19-04-15 green pleiades 860


I’m systematically capturing the constellations as I can – at least the zodiac. Gemini is high in the sky above Orion but washed out by light pollution.

The images below are from the cameras night sky video setting so they’re ISO 100, 25 second, f/2.8 exposures brightened with the windows photo tool. In the second Image I went through and put green tags on the stars – the notable ones are Castor and Pollux at the top and Alhena at the bottom left – those are all I can usually see with my naked eye.

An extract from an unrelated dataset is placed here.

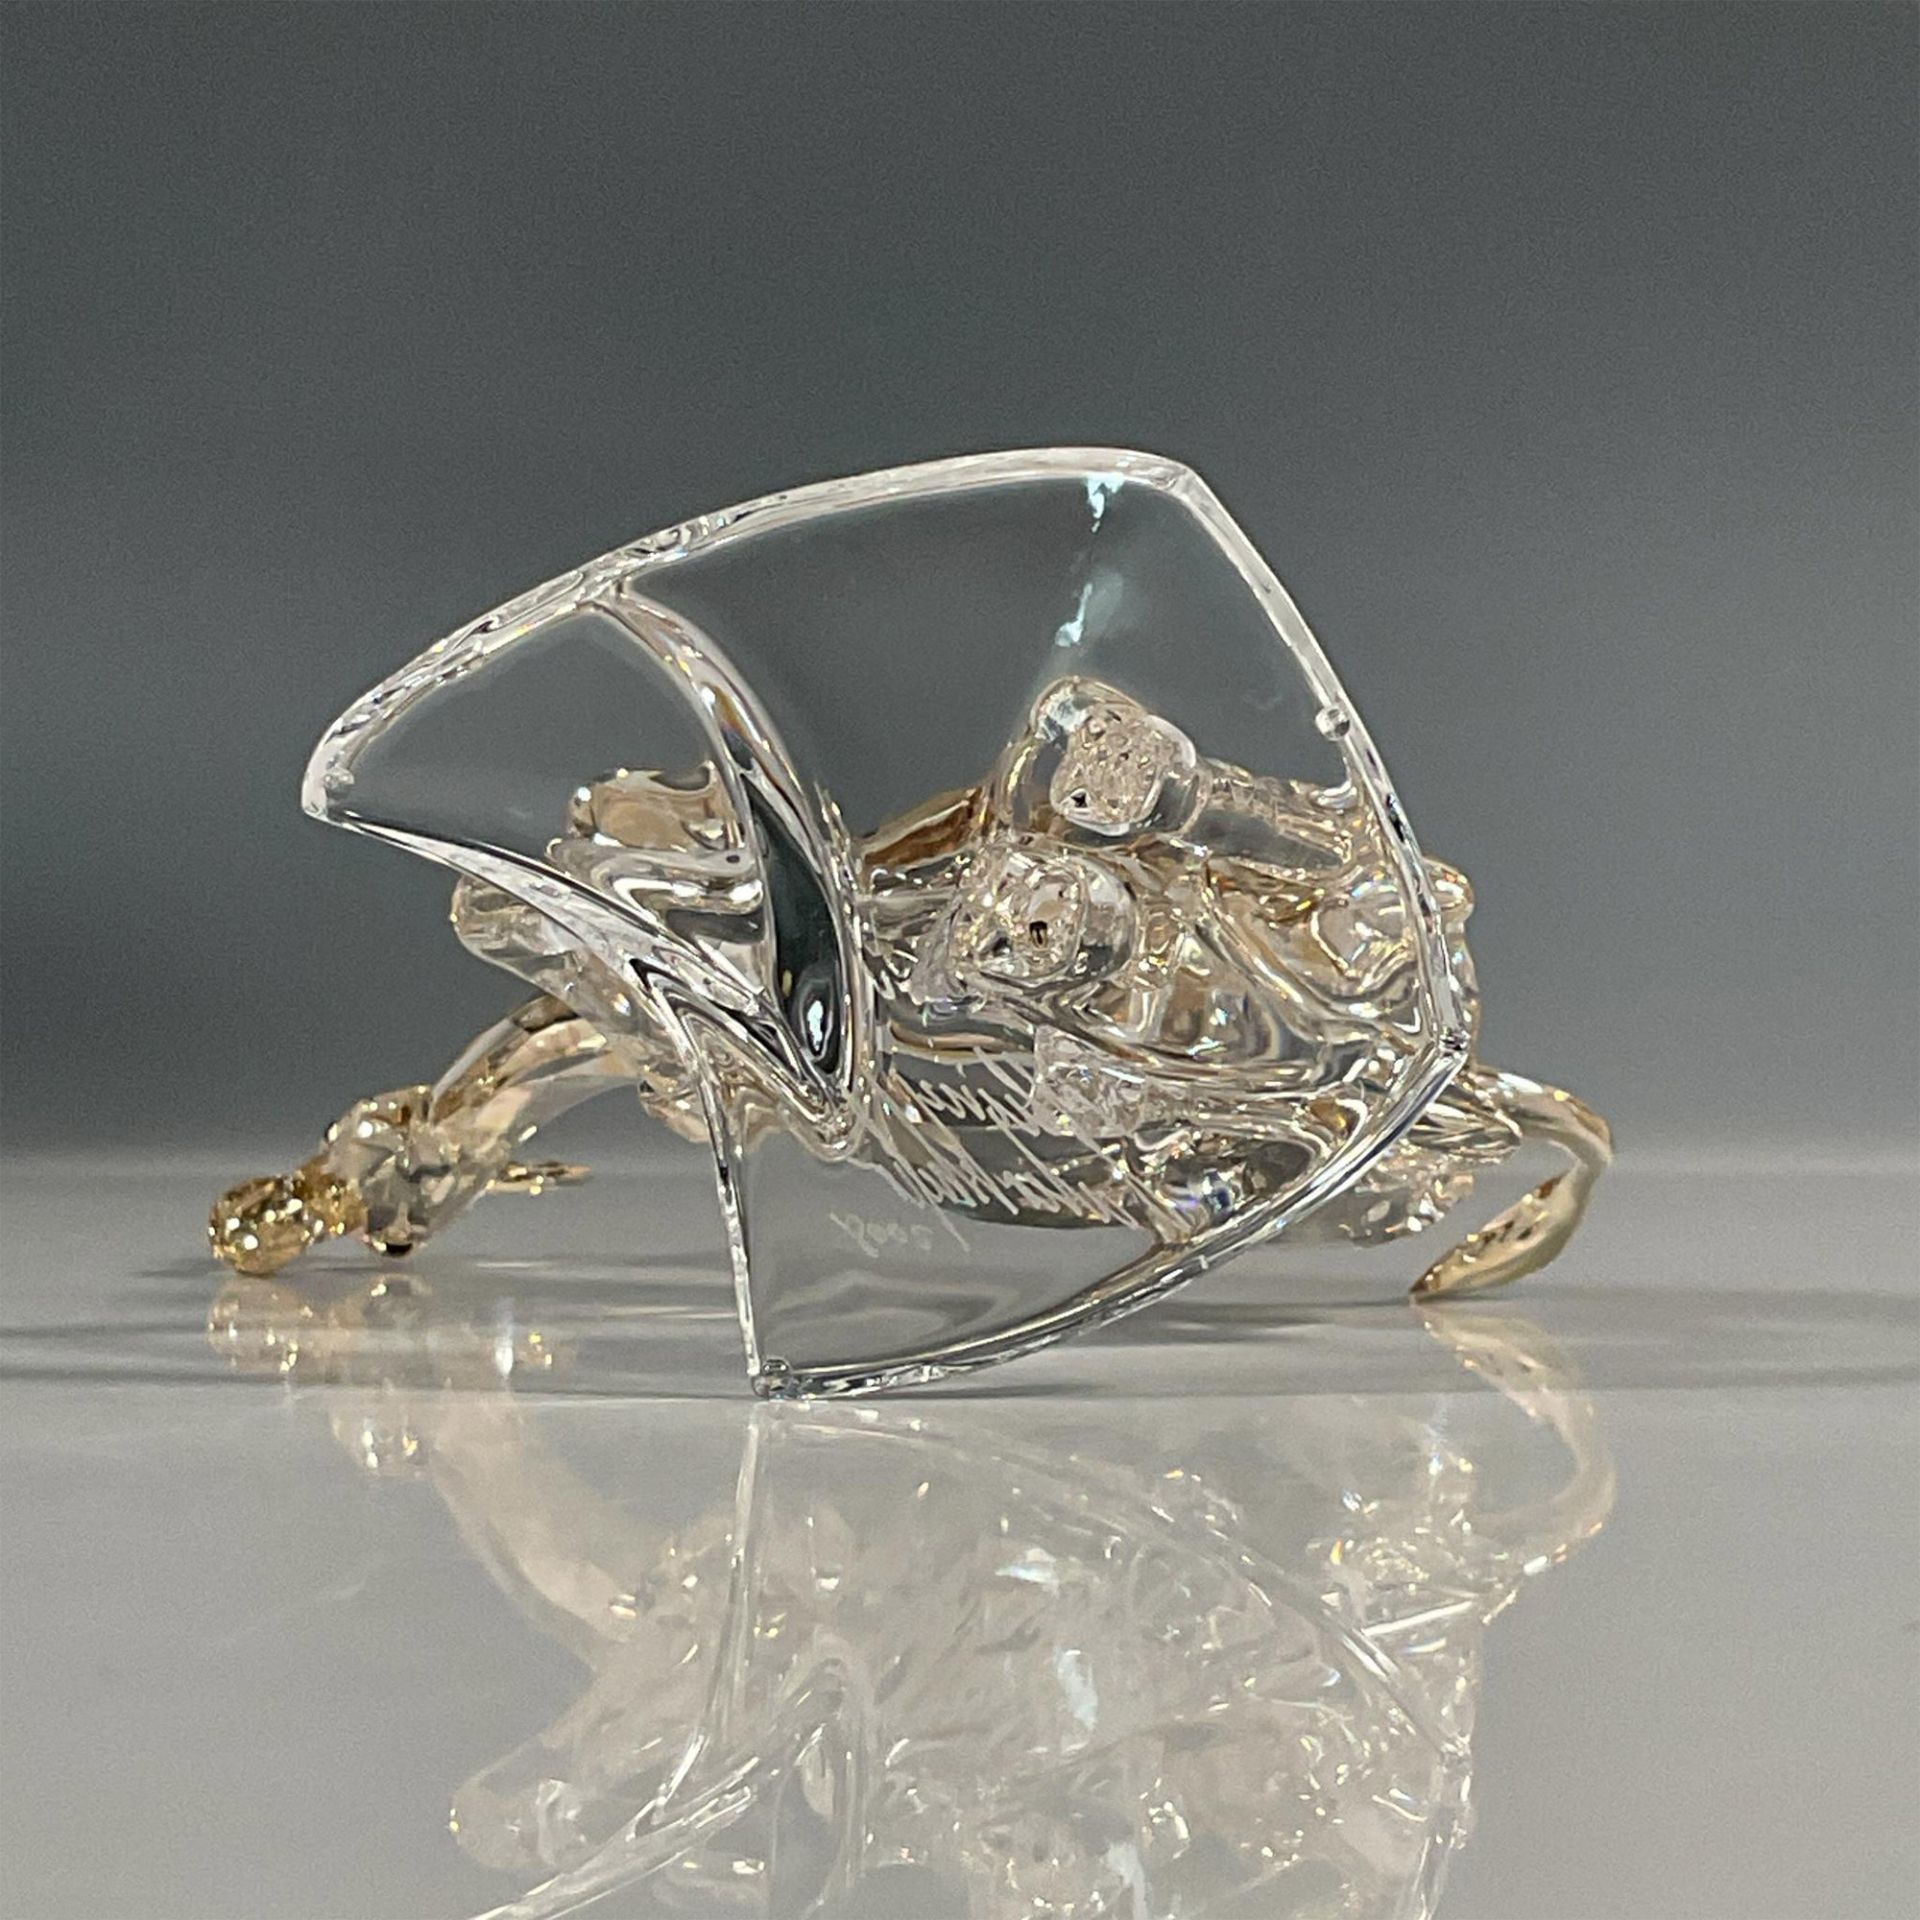 Swarovski Crystal Figurine, Running Giraffe - Image 6 of 6

I’m going to systematically capture the constellations – at least the Zodiac as I go through the year. I started with Leo because that’s my “sun sign”. It always seems odd to me that the zodiac constellations are assigned to the months when you can’t possibly see them – Leo is hidden behind the sun in August. But, for now, it’s high in the sky. The images below are taken at ISO 6400 1/2 sec f/2.8 no zoom so 35mm equivalent focal length 24.

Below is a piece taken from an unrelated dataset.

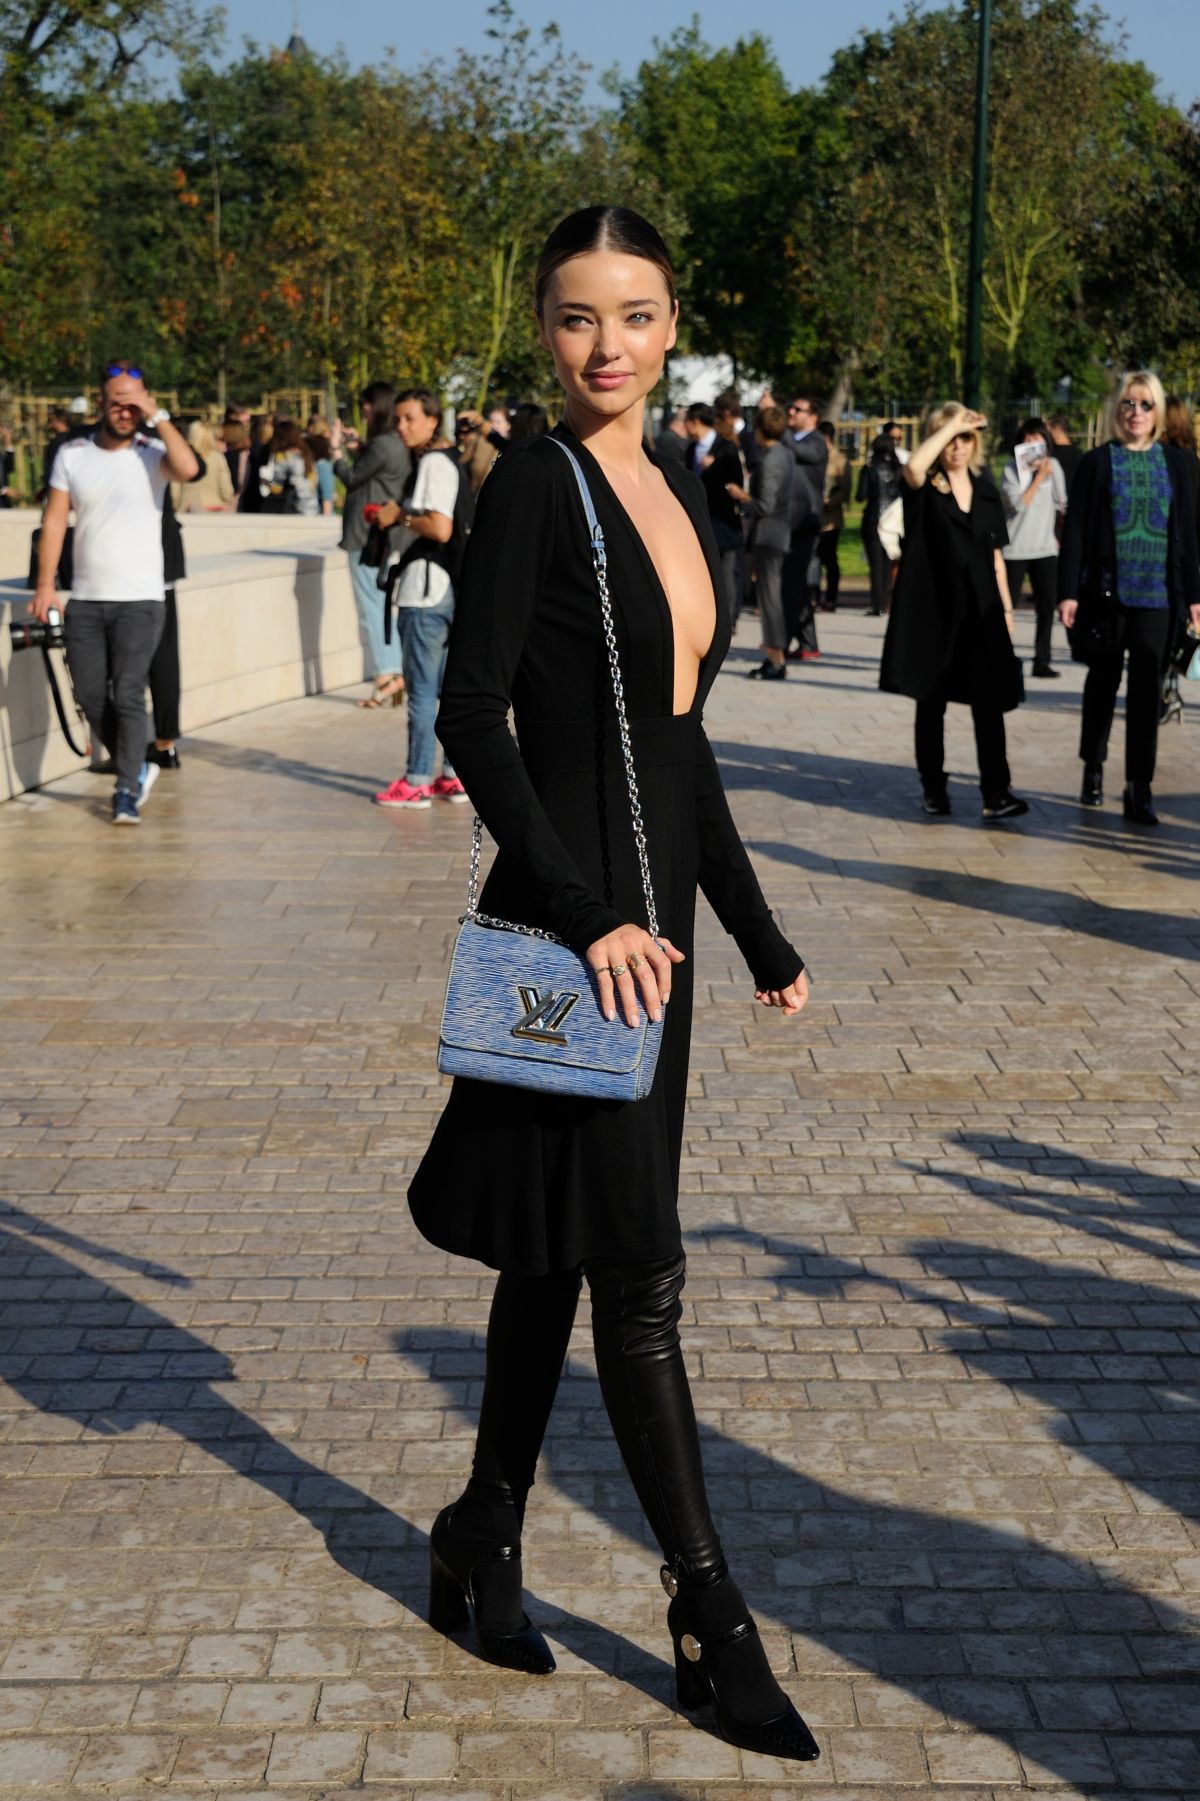 MIRANDA KERR at Louis Vuitton Fashion Show in Paris – HawtCelebs

Leo is one of the few constellations that I find evocative – i looks like a crouching quadruped to me.  The brightest star is Regulus at the bottom right – the heart of the lion.

19-04-05 Leo 831

19-04-05 green leo 831


ISS Three-peat

19-04-05 ISS 840Although it was 150km south of me over Kingston Ont the space station was very high in the sky and moving correspondingly fast. I got a couple of quick shots one of which was not awful. This was 1/2000 sec ISO 400 f/6.5 at full zoom(2000mm). I brightened it with the windows photos tool. I don’t know why we only see one set of solar panels but i’m prepared to believe it’s some sort of lighting effect.

More ISS-ing Around

No wolves last night but I caught the ISS twice just after sunset. First near Cassiopeia then near the big dipper. The space station shows up as a streak because these are long exposures. The Cassiopeia one shows more sky colour because it was nearer the setting sun.


19-04-02 dipper pass 2

These are both extracted from timelapse/night-sky videos taken by the camera’s scene mode which means they are 25 second exposures at ISO 100 – I’m guessing f2.8 but not completely sure.

Disappearing Dippers

I remember clearly as a kid seeing the little dipper pouring into the big dipper in the night sky.  Now the little dipper is just lost in the light pollution.  Even in my chosen, out-of-town spot, with a long exposure it’s hard to pick out.  The first image below shows pretty much what I can see – Ursa Major is clear but Ursa Minor is MIA.  The second one has been brightened considerably so you can start to see the stars of the smaller dipper.  In the third one i went through and painfully picked out all the classic “dipper” stars in green.